Thursday, June 7 2012

Odd layout limitation in Word: columns

Microsoft Word has very good standards-based HTML import. It’s much more capable than OpenOffice, and advanced layout can be set with custom CSS. It’s robust enough that the majority of Word features will survive a round-trip through the HTML exporter. Your brain may explode if you try to edit the exported HTML, which IMHO is only useful for figuring out how to use their custom CSS; for sanity and source-control, write in HTML, layout with Word, print to PDF.

[and only use LaTeX if you need to do tricky things like post-process DVI and AUX files to generate cross-referenced vocabulary lists and delete content without repaginating…]
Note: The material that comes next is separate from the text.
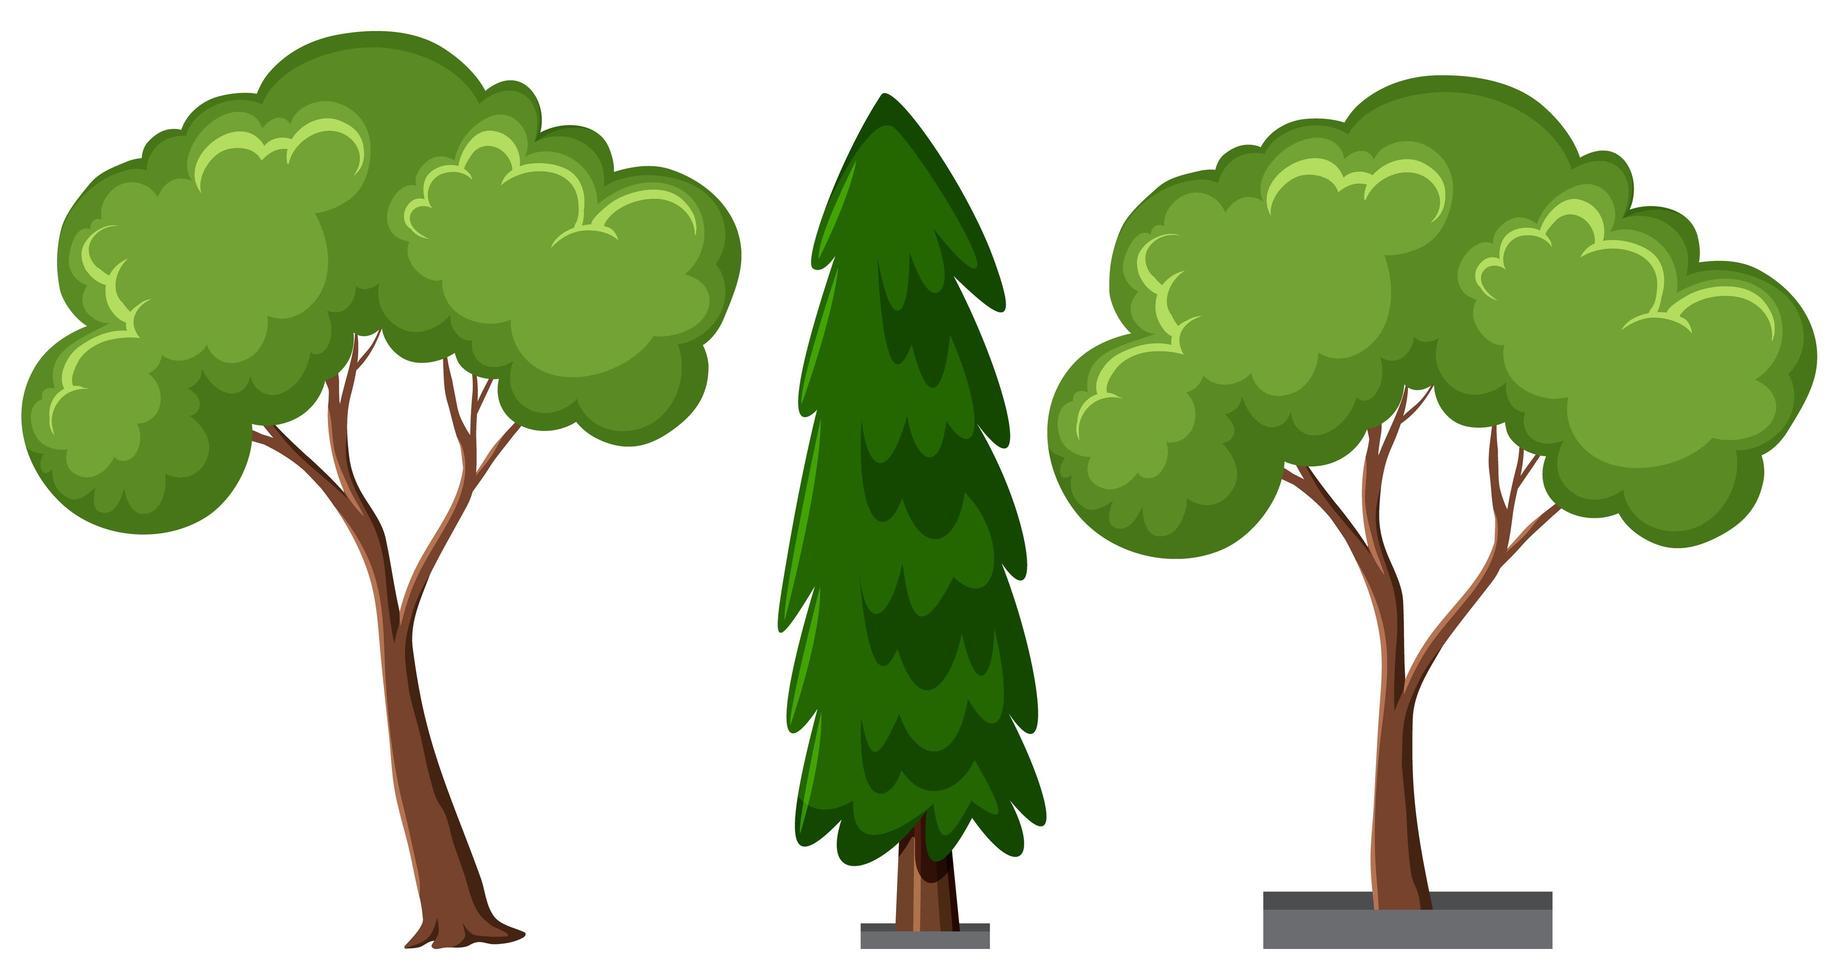 uppsättning av olika träd isolerad på vit bakgrund vektor

[Update: an odd limit to the importer is handling indentation of nested lists. At a certain point, it reverts to left-indented]

My current effort involves making detailed notes on Shinkendo techniques as I learn them, and my preferred layout is landscape, two-column, half-inch margins, 14pt Times Roman for English and romanized Japanese, 14pt Hiragino Mincho for kanji and kana, and strategically-placed column breaks so that kata sequences don’t get split up. All of this is trivial to do with Word’s custom CSS, except the column breaks.

Why? Because columns are still second-class citizens in Word. You can’t define a paragraph style that says “start at the top of a new column”. Page, yes; you can do all sorts of styling at the page level, but column breaks have to be inserted individually everywhere they’re used. In the HTML importer, this means they’re mapped to the <BR> tag, which of course adds a gratuitous blank line wherever you use it. For page breaks, you can just add page-break-before:always to any block style, but mso-column-break-before:always only works on <BR> tags. I tried a number of variations, but in the end, the only way to get everything I wanted was to put up with the occasional extra blank line at the top of a column.

<!DOCTYPE html>
<html lang="ja">
<head>
<meta charset="utf-8">
<style>
body {
	font-size:14pt;
	line-height: 18pt;
	font-family:Times,"ヒラギノ明朝 Pro W3";
	mso-fareast-font-family:"ヒラギノ明朝 Pro W3";
	mso-line-height-rule:exactly;
}
br.col {mso-column-break-before:always}
@page Section1 {
	margin:0.5in 0.5in 0.5in 0.5in;
	size:11in 8.5in;
	mso-page-orientation:landscape;
	mso-header-margin:.4in;
	mso-footer-margin:.5in;
	mso-columns:2 even 10.0pt;
	mso-column-separator:solid;
}
div.Section1 {page:Section1}
</style>
</head>
<body>
<div class="Section1">
...
<br class="col">
...
</div>
</body>
</html>

Notes: putting Times and Hiragino Mincho in the font-family tag, in that order, is enough to get normal browsers to use the right fonts; the HTML version is in my Dropbox, and looks great on my laptop, iPhone, and Sony Tablet. Word, unfortunately, tends to default to a Chinese font when it hits the first kanji, and then sticks with it even when it sees hiragana or katakana. Setting mso-fareast-font-family dodges that bullet.